Sizing your Connection Pool

Introduction

I started to build up the ideas presented in this post while reading an email (sent to the play-framework mailing list) from the author of BoneCP, deprecating it in favour of HikariCP. From there, I read a really good article where the connection pool heuristic about sizing is explained, and another one with a thorough critique of different pools.

The formula below is provided by the PostgreSQL project as a heuristic to start trying different pool settings around this starting point:

connections = ((core_count * 2) + effective_spindle_count)

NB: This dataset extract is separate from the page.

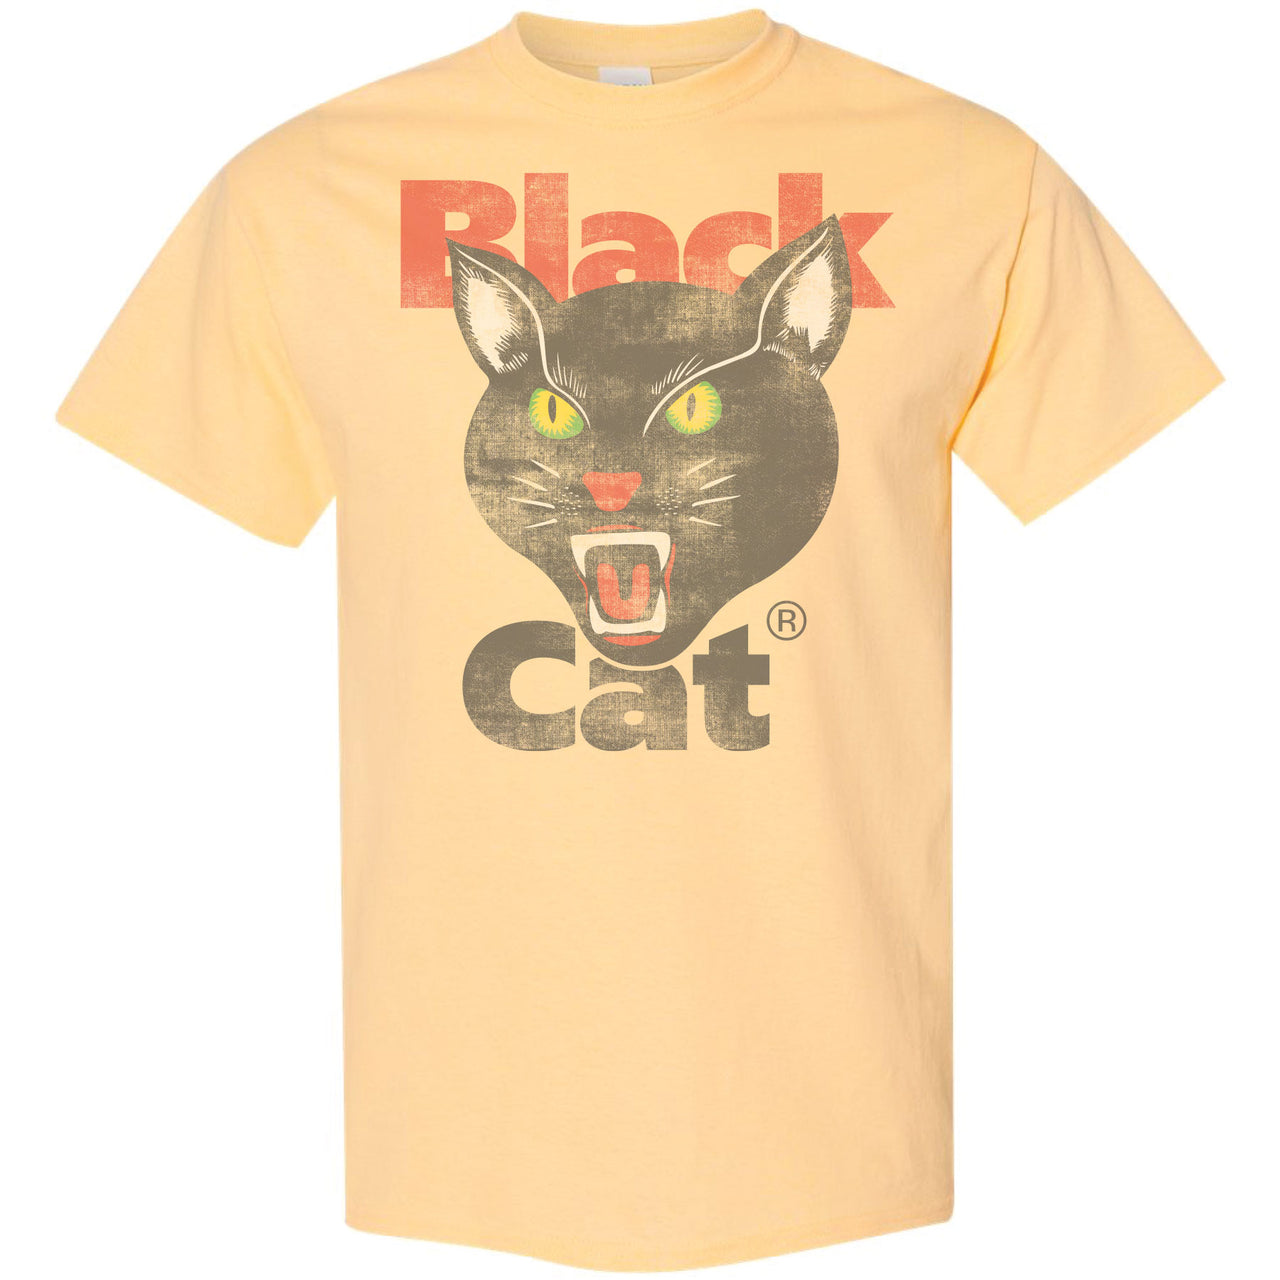 Black Cat - Black Cat Logo T-shirt
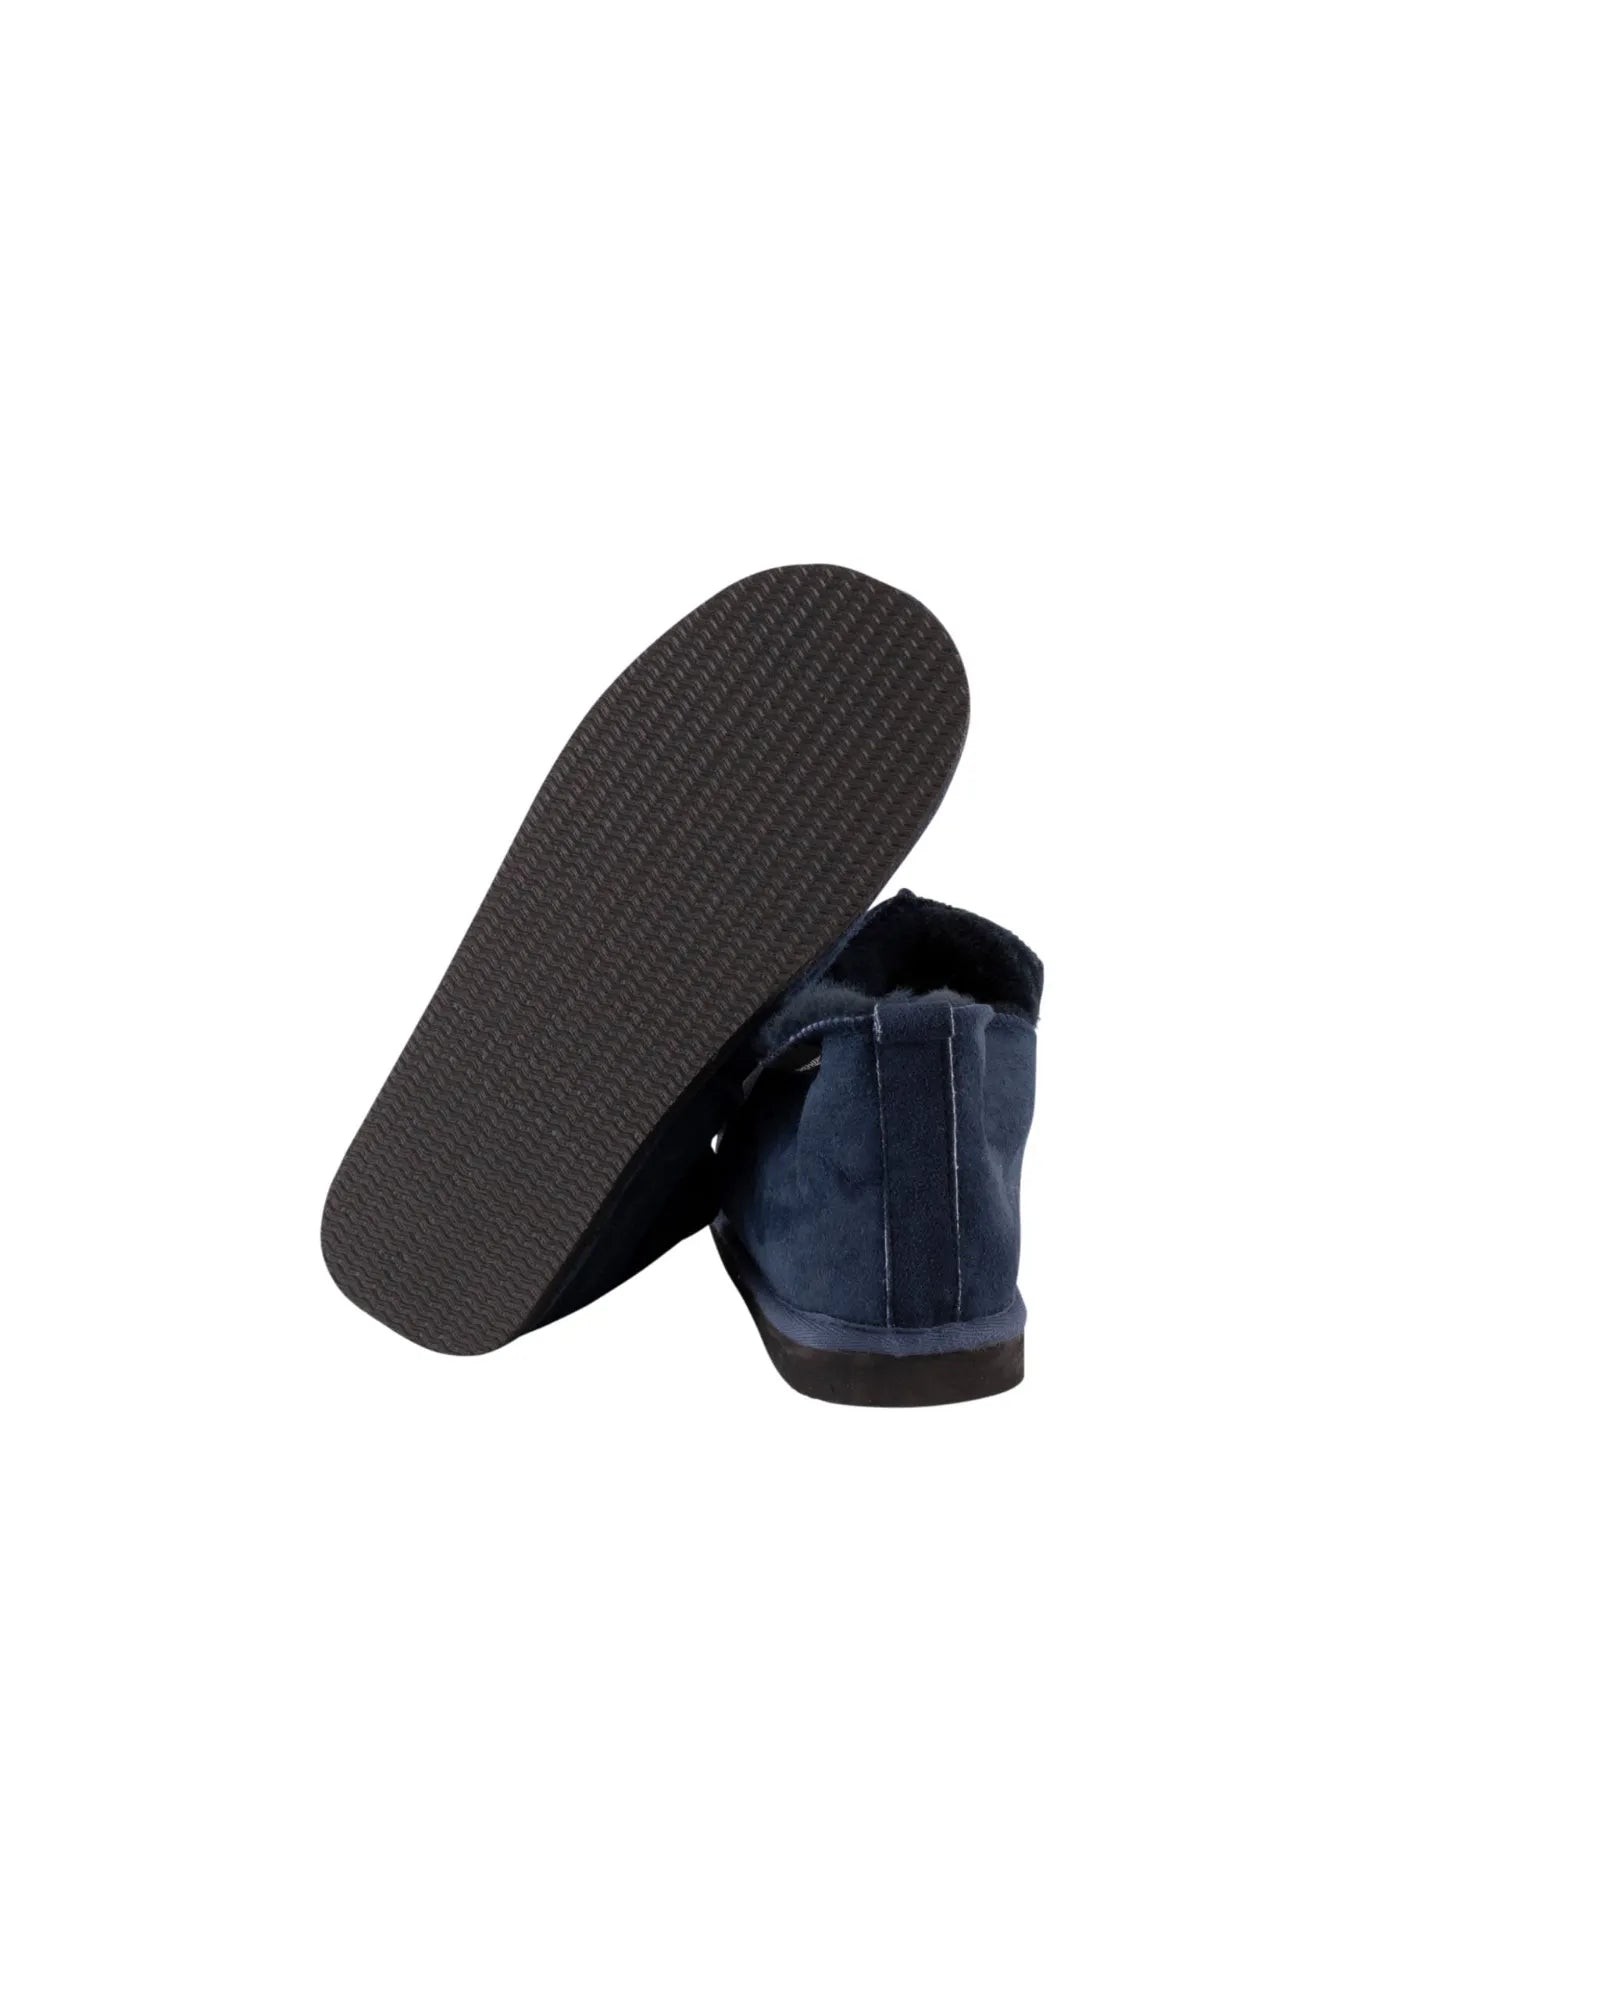 Anton Soft Ankle Slippers - Dark Navy

This made me think about the differences that choices about the connection pool can bring, and decided to do some deliberate experiments about how different implementations and settings would affect the latency of a typical data access layer.

The Problem

Imagine you are developing a great web platform, with a classic architecture: a front-facing web interface that calls REST services on the backend, that in turn hits the database and reply to the user with the content requested.

Once your platform reaches success, the application server is overloaded, and so is the database.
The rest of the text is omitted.